Keep the seasoning simple and let the grill do the work. Bring the steak closer to room temperature for more even cooking, pat it dry, then use oil and salt and pepper. That is the same no drama approach you will see across most steak focused recipes, because a good crust plus a proper rest delivers flavour without needing a long ingredient list.
Ask our local butcher’s instore to cut to your requirements
Ask for a quick grill steak cut that will slice neatly across the grain for a salad.
High heat, short cook, smart rest
This recipe is built for direct heat. Preheat the barbecue or a chargrill pan to medium high, get a light coat of oil on, then cook the rump steak until it is done to your liking. The reference recipe gives a straightforward timing guide, then it goes straight under foil to rest while you assemble the platter.
Resting is not optional if you want tender slices. Take the steak off a little before it is exactly where you want it, because the internal temperature keeps rising as it rests. Give it a proper pause, then slice, and you keep more juices in the meat instead of on the chopping board.
Tip
Cooking grass-feed beef for salad recipes.
Cook hot and fast, pull slightly early, rest, then slice. If you use an instant read thermometer, you are no longer guessing, you are choosing.
Slice against the grain and dress in the right order
If there is one small detail that makes the whole salad feel restaurant level, it is slicing against the grain. You are shortening the muscle fibres, which is exactly what you want when the beef is served in thin slices over greens and legumes. It is also a trick the Church Street Butcher site leans on in other beef salad recipes, where the instruction is simple and direct, rest then thinly slice.

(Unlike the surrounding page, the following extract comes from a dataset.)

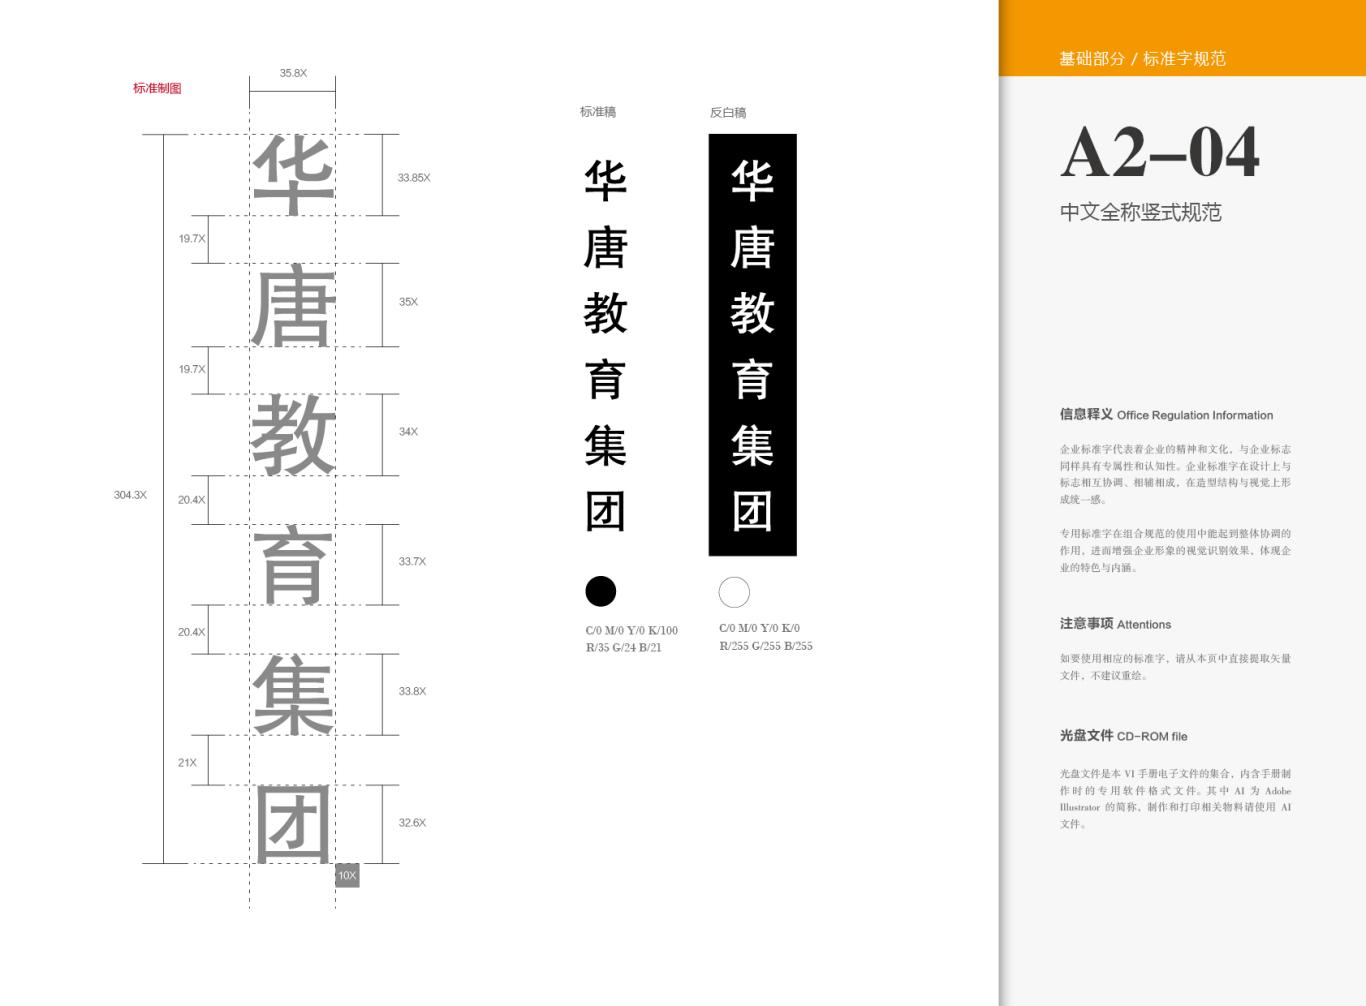 华唐教育集团 VI图11
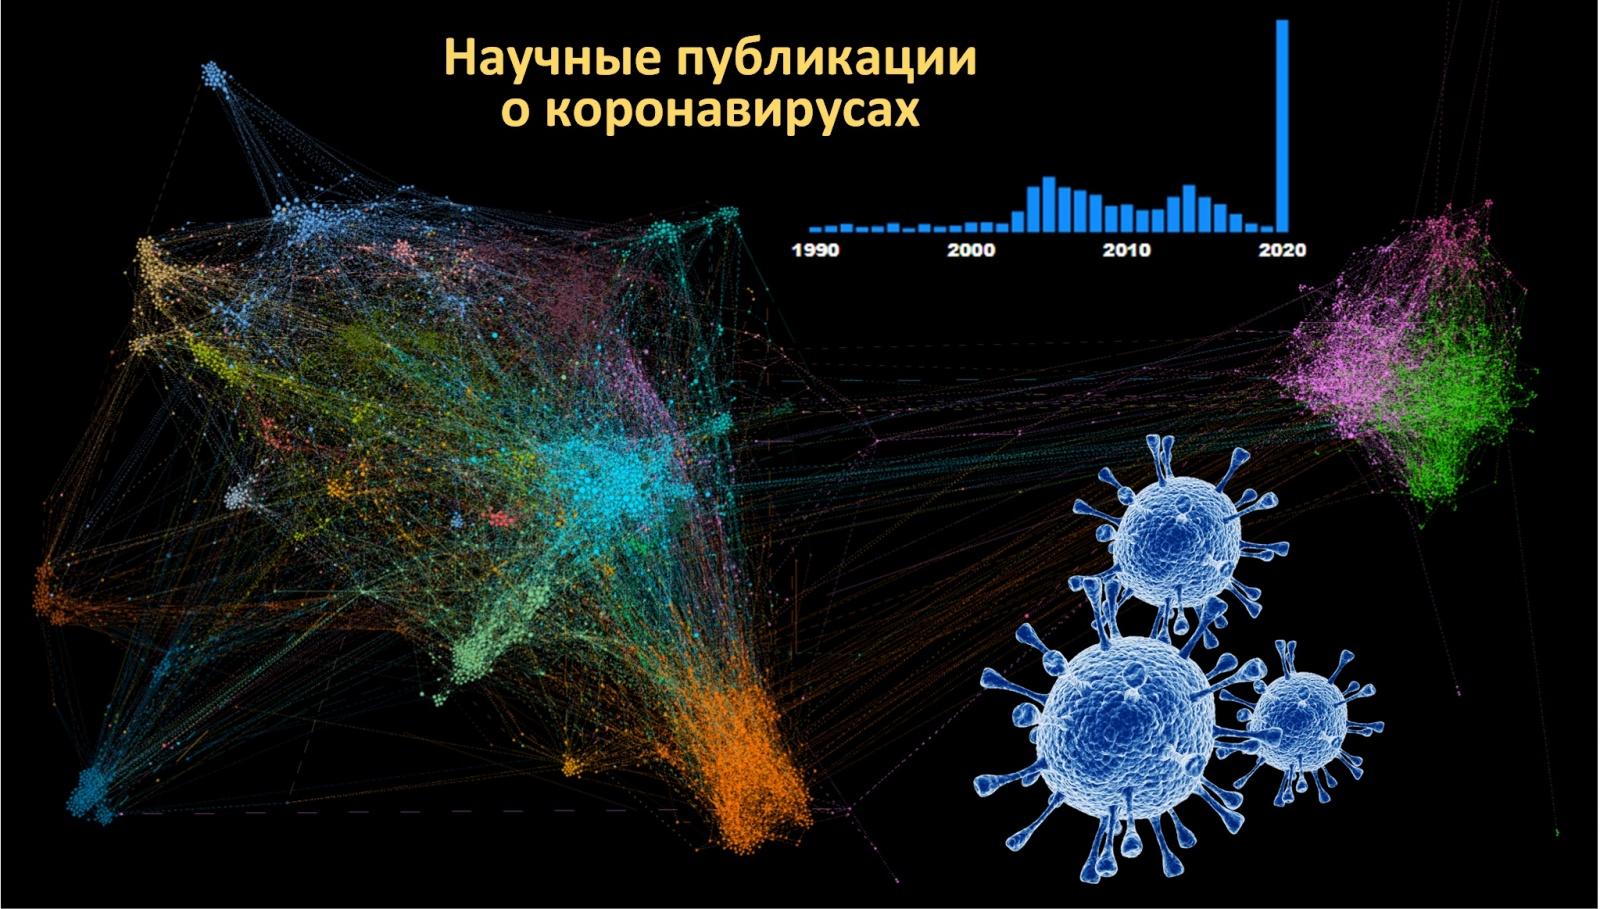 «Пандемия» научных публикаций о COVID-19 - 1

Then dress with intention. With salads like this, you get the best result when the leaves are lightly coated first, then the beef is added on top so it stays glossy and clean, not drowned. You can see that same approach in the site’s beef salad posts, where most of the dressing goes through the greens, then the sliced beef finishes the plate.
Small visual cue worth adding in the article
A tiny diagram showing the grain direction on a steak and which way to slice.
Ingredients
- 500 gram Beef rump steak (fat trimmed)
- Olive oil spray
- 400 gram Chickpeas (canned, rinsed and drained)
- 250 gram Ready to eat baby beetroots (cut into wedges (available in the vegetable section of the supermarket))
- 120 gram Baby spinach and beetroot leaves packet
- 80 gram Goat cheese
- Olive oil, balsamic vinegar and chopped chives (to serve)
Instructions
- Pre-heat a lightly oiled barbecue or char-grill pan over medium-high heat. Season rump steak and cook for 6 to 7 minutes or until cooked to your liking. Set aside on a plate covered with foil.
- Meanwhile, on a large platter combine the chickpeas, beetroots, and baby spinach. Season.
- Slice steak, place on top of the salad and crumble over goat cheese.
- Drizzle with a little olive oil and balsamic vinegar. Sprinkle with chives, to serve.
Melbourne friendly variations that still feel butcher approved
The original build is already a shortcut friendly win. Canned chickpeas and ready to eat baby beetroot mean you can focus your time on cooking the steak properly, which is where the flavour lives. This a very practical way to cook, keep the method tight, let the main ingredient do the talking.
From there, you can make it suit the day without breaking the logic of the recipe. Swap the leaves to suit what is looking good at the greengrocer, rocket for bite, cos for crunch, or a softer mix if you want it gentler. Keep the salty creamy element, goat cheese is in the base recipe, but a similar style of crumbly cheese works too. Serve it as a lighter summer dinner, or make it a heartier lunch with crusty bread on the side, especially if you are feeding bigger appetites.
If you have cooked for meat based salads before, it feels familiar. The Church Street Butcher blog already leans into salads that eat like a meal, steak plus bold greens plus something with substance, and this one sits neatly in that lane.